JOHN TULLOH. Turkey – Erdogan faces his toughest test.

Jun 22, 2018

Recep Tayyip Erdoğan would have been pleased when a recent edition of Time had him on the cover as one of the ‘Strongmen Era’. The Turkish president is indeed and he hopes the election this weekend will make him even stronger – a kind of 21st century sultan in the style of the Ottoman rulers he admires so much. But he has run into unexpected resistance: an opposition alliance gathering popular support and led by someone who can match Erdoğan himself for firebrand rhetoric. 

Presidential and parliamentary elections take place in Turkey on 24 June. Back in April, Erdoğan called the polls 17 months ahead of time to take advantage of a fragmented opposition and to fulfil his thirst to become the all-powerful executive president as narrowly approved by last year’s referendum. It also may have been to get in before Turkey’s wobbling economy alienated too many of his traditional supporters.

Whatever the motive, it was widely predicted at the time that Erdoğan would win just as he has in every electoral test over 15 years in power. Just to make sure, he had locked up thousands of opponents, jailed more journalists than any other country and manipulated the media so that 90 percent of it supported him, including turning the state television service into his own mouthpiece.

But little did the normally bellicose Erdoğan realise that he would now be on the receiving end of a credible opponent who can stir voters just as persuasively as he does. Muharram Ince, a former high school physics teacher, leader of the Republican People’s Party (CHM) and now presidential candidate, formed a disparate alliance of four political parties.

‘He has hurled taunts (at Erdoğan) with the reckless abandon of a competitor who smelled blood’, reported the Washington Post. He has mocked Erdoğan’s economic policies which have caused the Turkish lira to plunge, accused him of exaggerating security threats in order to alarm  the populace and denounced him for spending lavish sums on palaces,  just as the Ottomans once did.

Ince (pron. Een-Jay) has effectively managed to exploit voter fatigue with Erdoğan. His alliance covers leftists, religious minorities, secularists, right-wing nationalists and pious Moslems. Polls suggest he will force the Turkish leader into a second round for the presidency and his alliance even might gain a majority in parliament.

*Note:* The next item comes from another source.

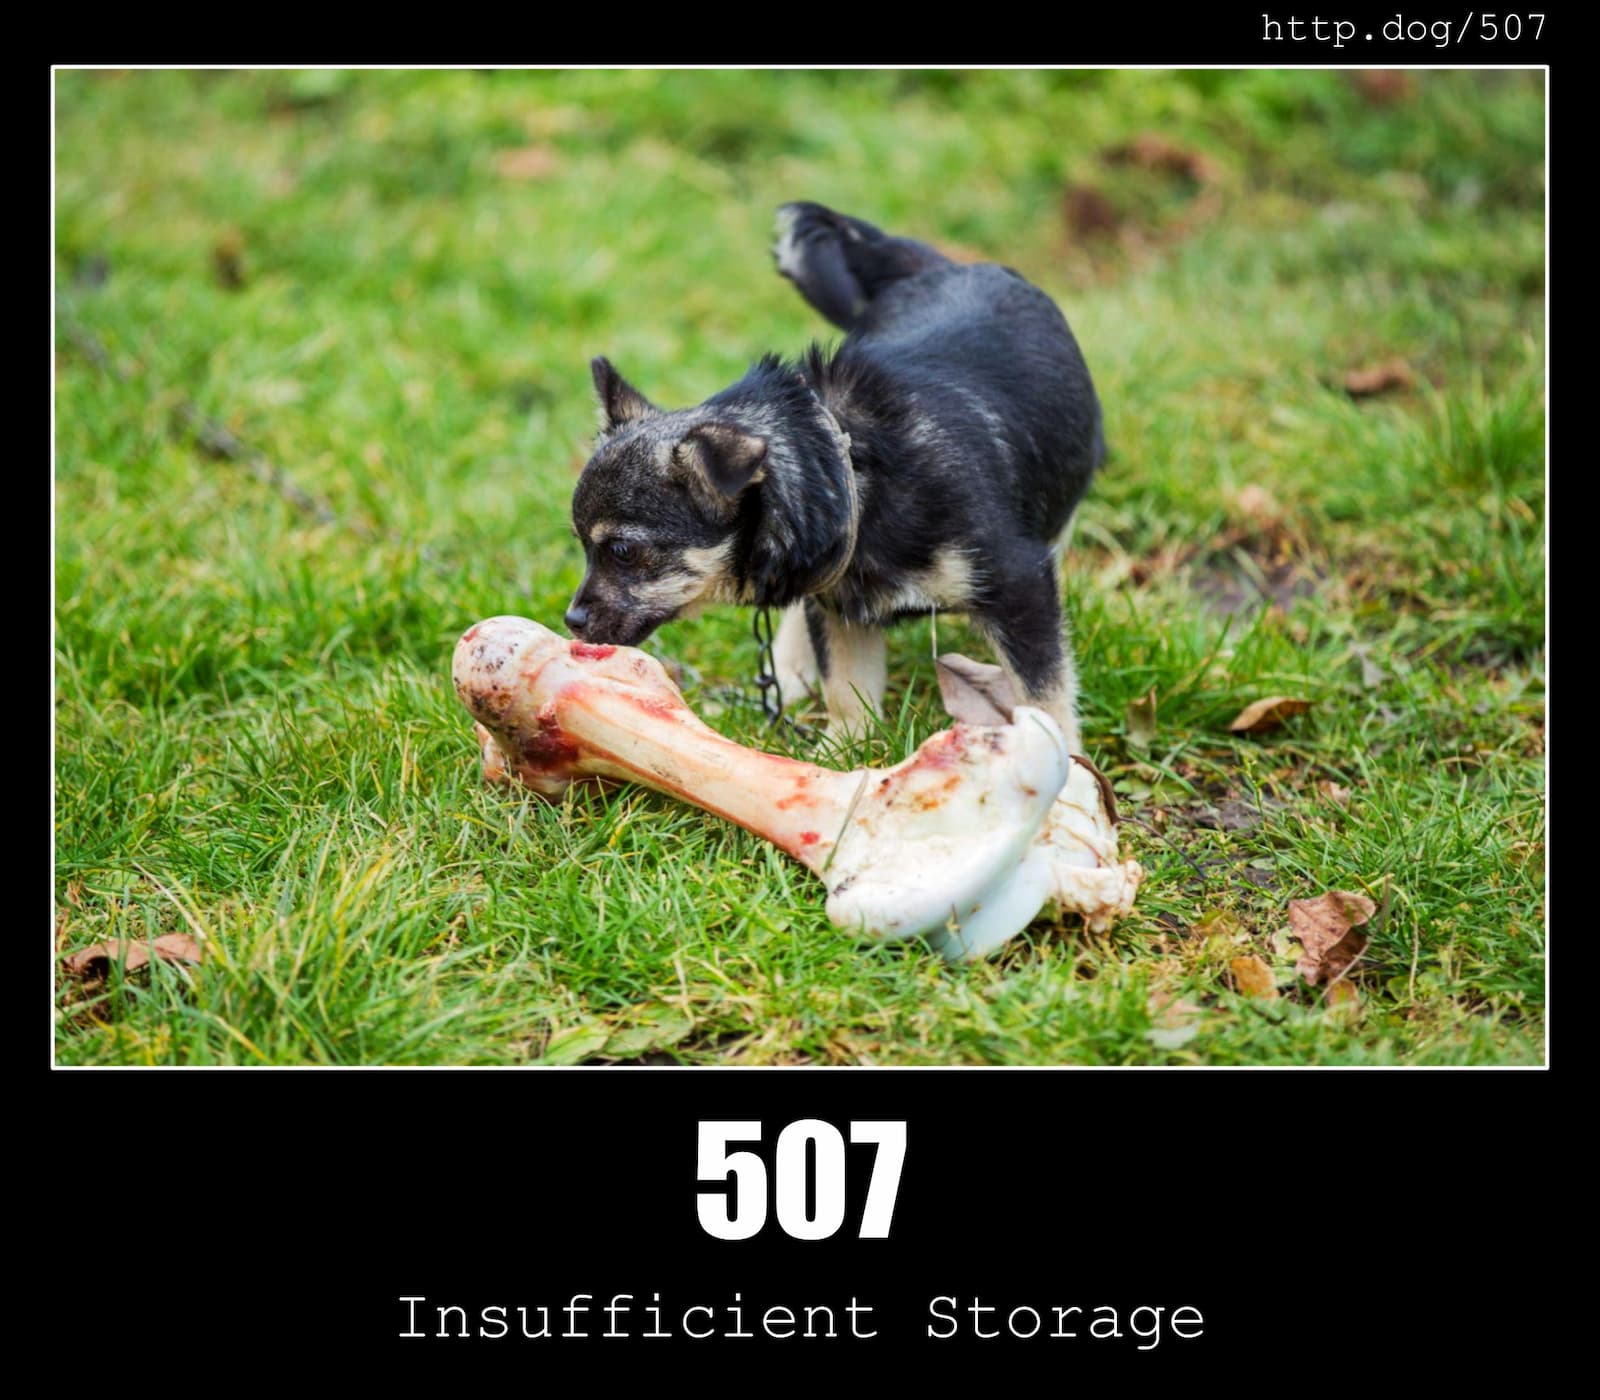 HTTP Status Code 507 Insufficient Storage & Dogs

But few expect Erdoğan to lose. He is the consummate political commissar. He has maintained the state of emergency since the failed coup two years ago. This has given him a free hand to pull even more levers of power. He has criminalised dissent by punishing anyone criticising him. He jailed the leader of a prominent pro-Kurdish party. He’s given the police the right to arrest anyone without a court order and encouraged government authorities to curb freedoms of expression, assembly and association.

Winning the election will give Erdoğan even more control over Turkey. Having scrapped the Prime Minister’s job, he can now invest even further authority in the executive presidency as he sees it. But he should not forget that last year’s referendum which extended his powers saw 49 percent of Turks voting No, as if to say ‘You have enough as it is’.

Just to improve his chances, Erdoğan has done away with the practice of all parties electing a joint chairman to oversee fair play in each of the electorates. Now they will be government officials who will be expected to do their duty. Erdoğan need not worry about the main media outlet still functioning independently, the secular daily Cumhuriyet, because its chairman, top columnist and 12 others are in jail for ‘aiding terrorism’.

There is a possibility that Erdoğan will not get it all his own way. His ruling Justice and Development Party (AKP) might lose its parliamentary majority. But how much influence the already emasculated parliament will have on the presidency is another matter. As it is, Turkey is the worst offender of any country for loss of democratic rights over the past 10 years, according to Freedom House, the US think-tank. The Erdoğan way is right out of the playbook of his near neighbour and new friend, Vladimir Putin, who also likes to do everything his own way, though with more subtlety.

Turkey may well be heading from the Strongman Era to the Authoritarian Era with Erdoğan basking as a kind of Sultan of the Bosphorous, ruling with the all whims of a dictator or, as a NYT columnist put it, ‘a caliph-tyrant’.

FOOTNOTE. Erdoğan is the most consequential Turkish leader since Mustafa Kemal Atatürk came to power 95 years ago. Despite a court order forbidding him, Erdoğan hijacked farmland in Ankara bequeathed to the state as a park by Atatürk so that he could build himself an opulent palace of more than 1000 rooms fit for a sultan. Ince has said that, if he wins, he will convert the palace into a place for social services. ‘You will never even have the opportunity to even come to the palace,’ Erdoğan replied, perhaps knowingly.

John Tulloh had a 40-year career in foreign news.